* **ACTIVITY**: Leave every image out, and return the rest of the data word for word.

* **DATA SHOWN**:
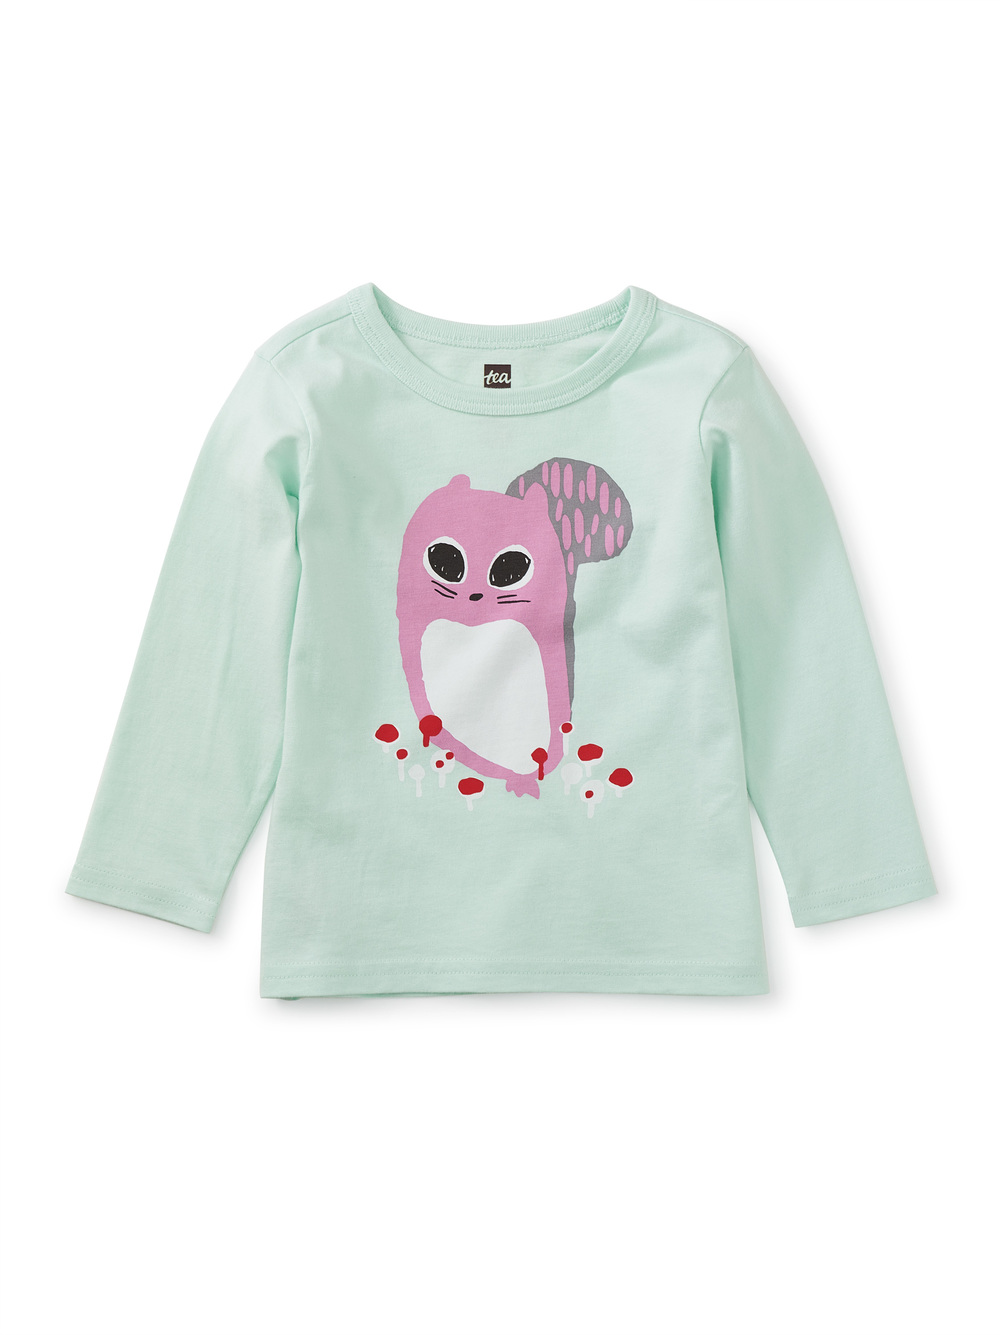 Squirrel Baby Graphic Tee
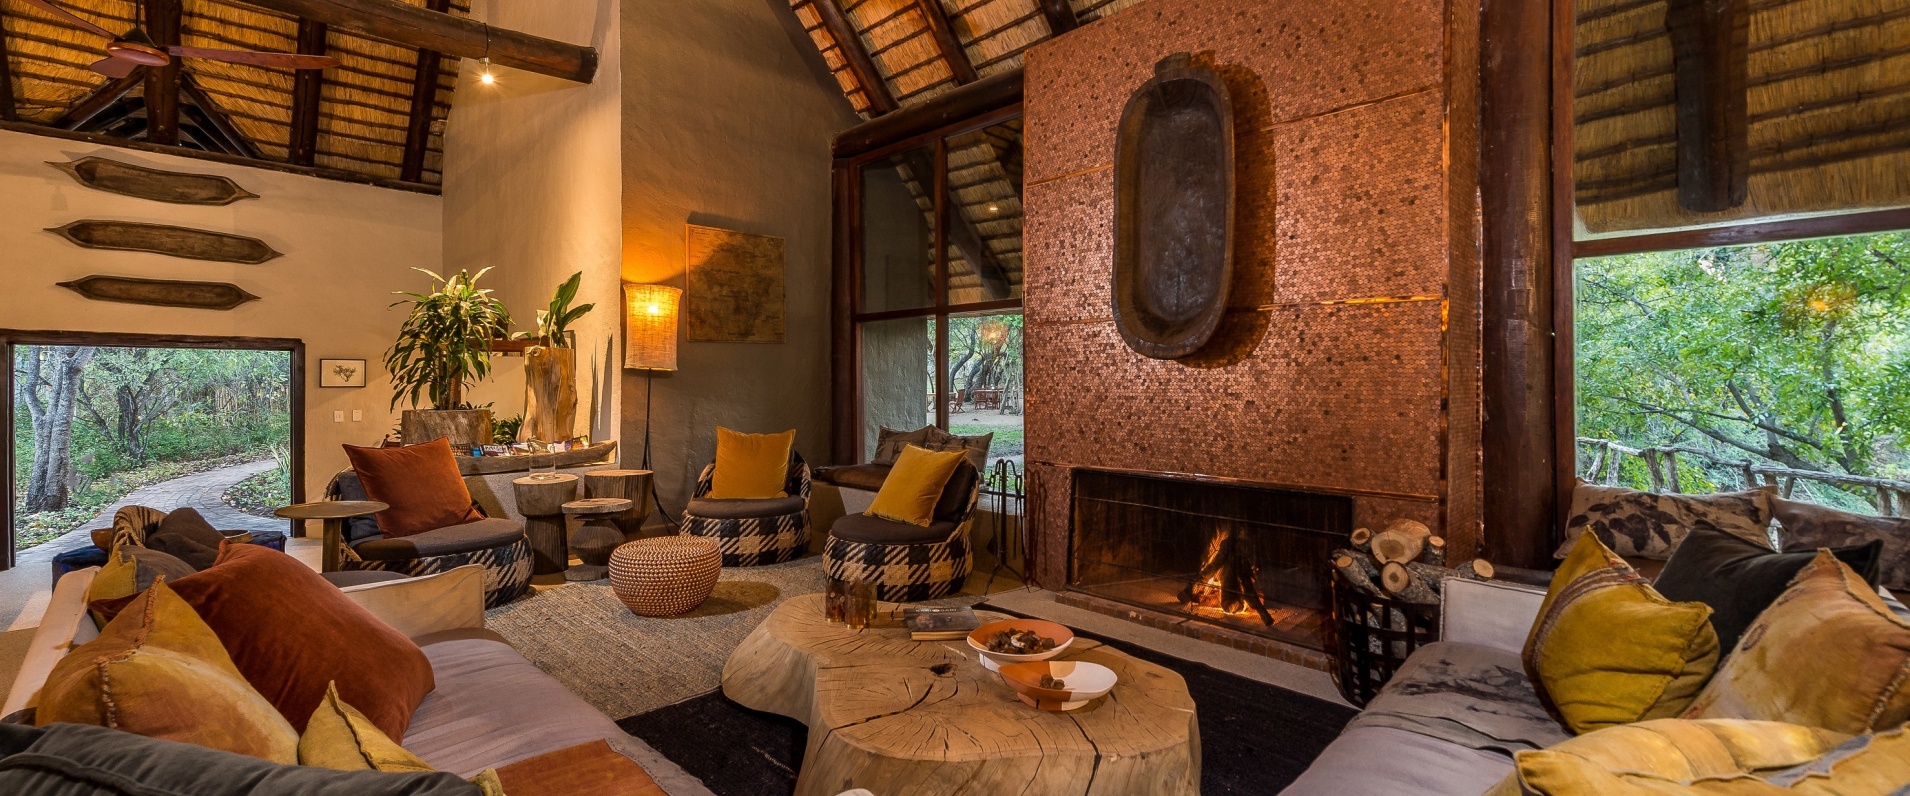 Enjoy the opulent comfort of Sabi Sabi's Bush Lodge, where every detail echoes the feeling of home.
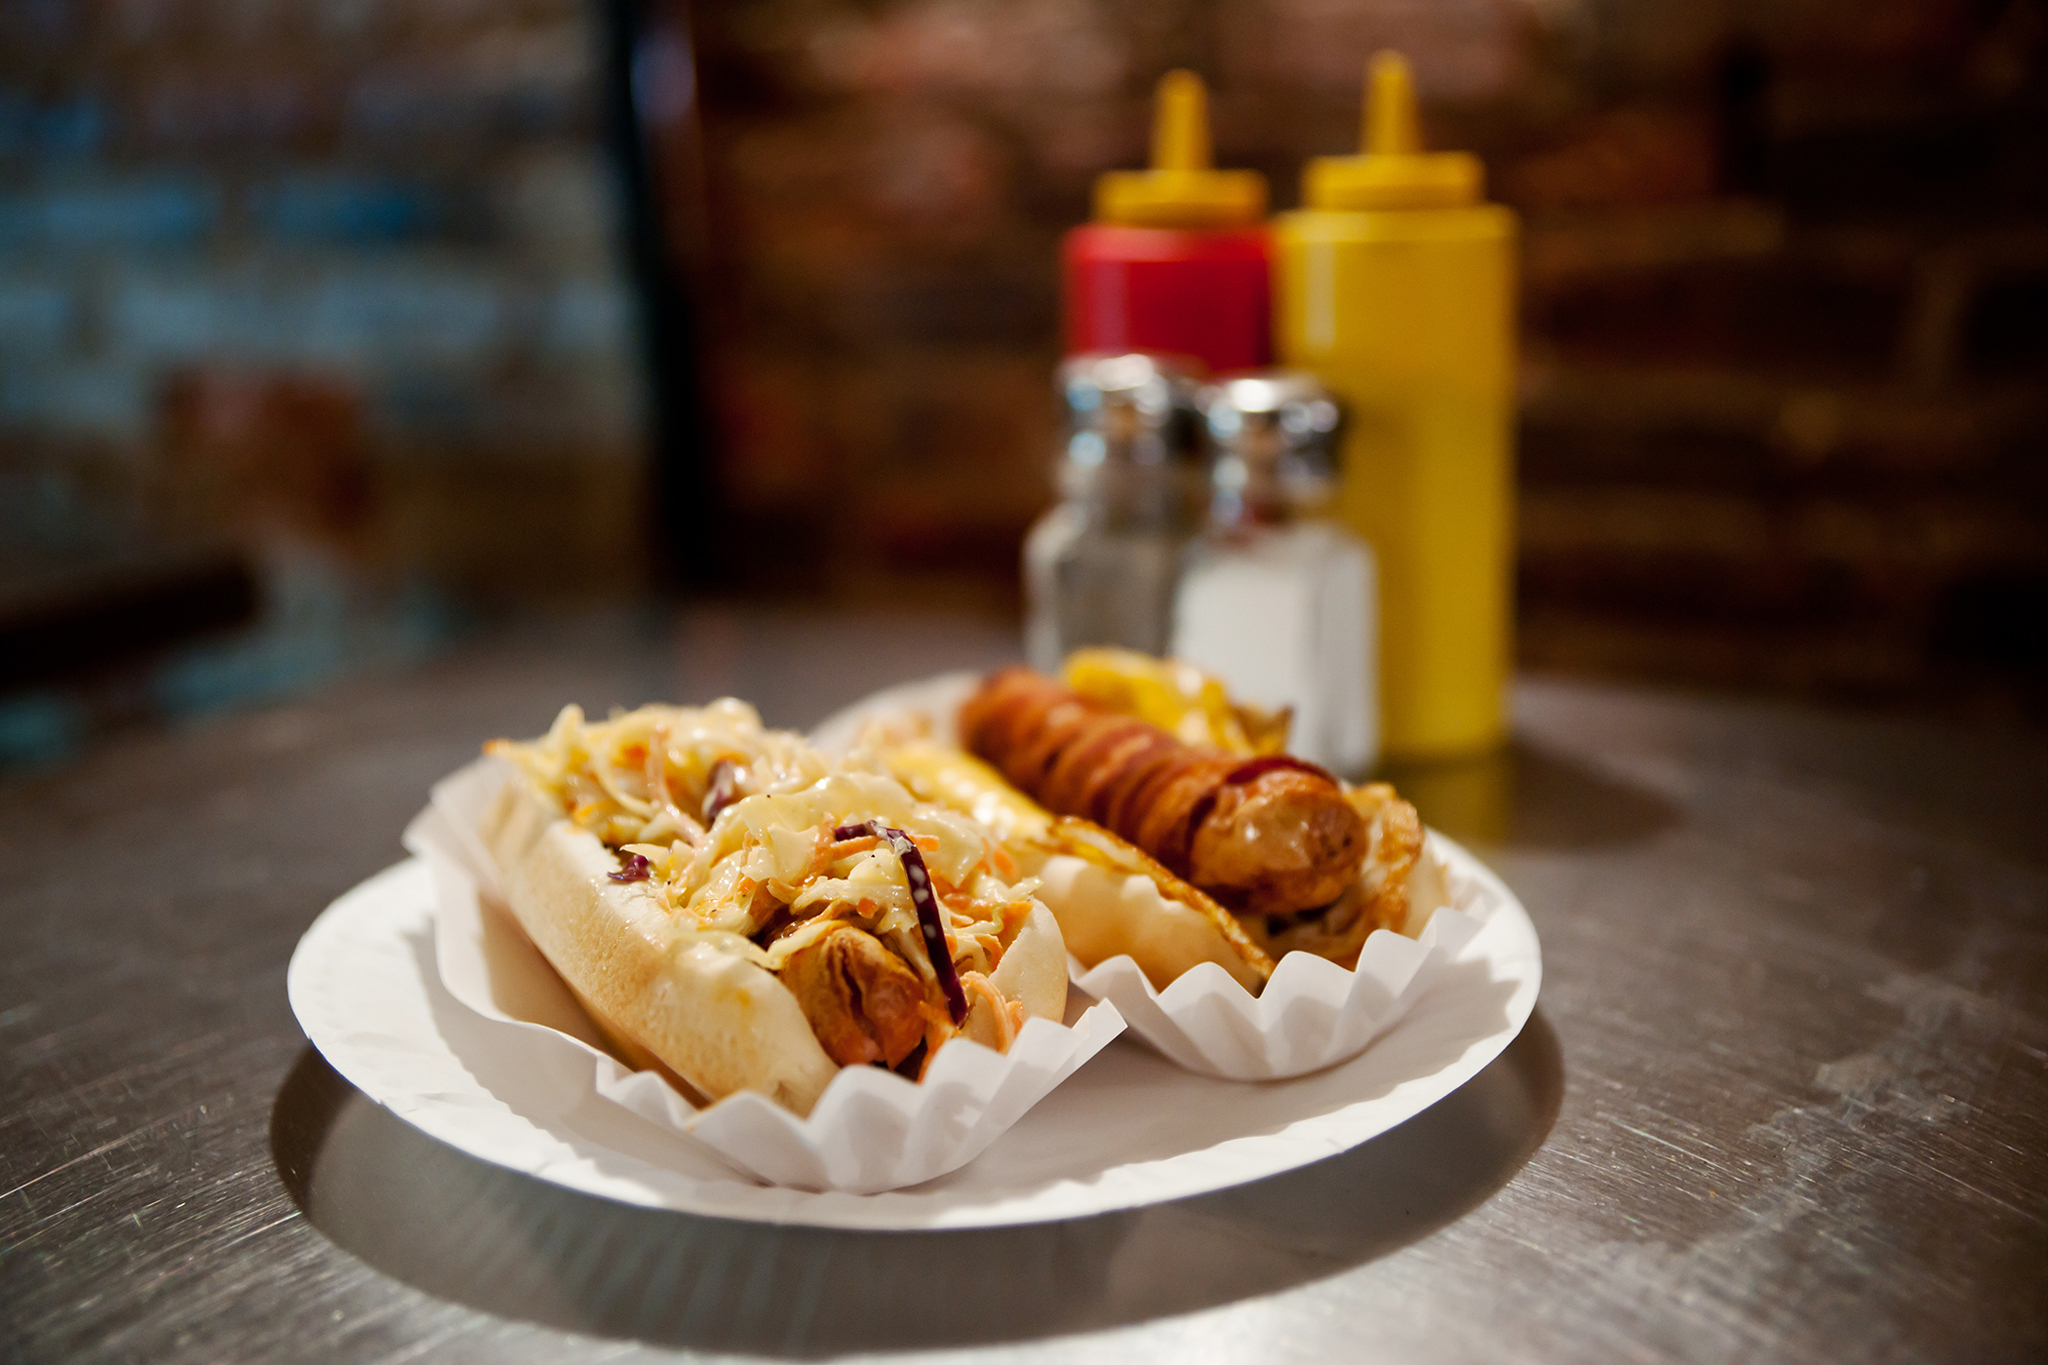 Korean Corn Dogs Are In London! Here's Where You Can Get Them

* **RESPONSE TO THIS EXERCISE**:
 Squirrel Baby Graphic Tee
 Enjoy the opulent comfort of Sabi Sabi's Bush Lodge, where every detail echoes the feeling of home.
 Korean Corn Dogs Are In London! Here's Where You Can Get Them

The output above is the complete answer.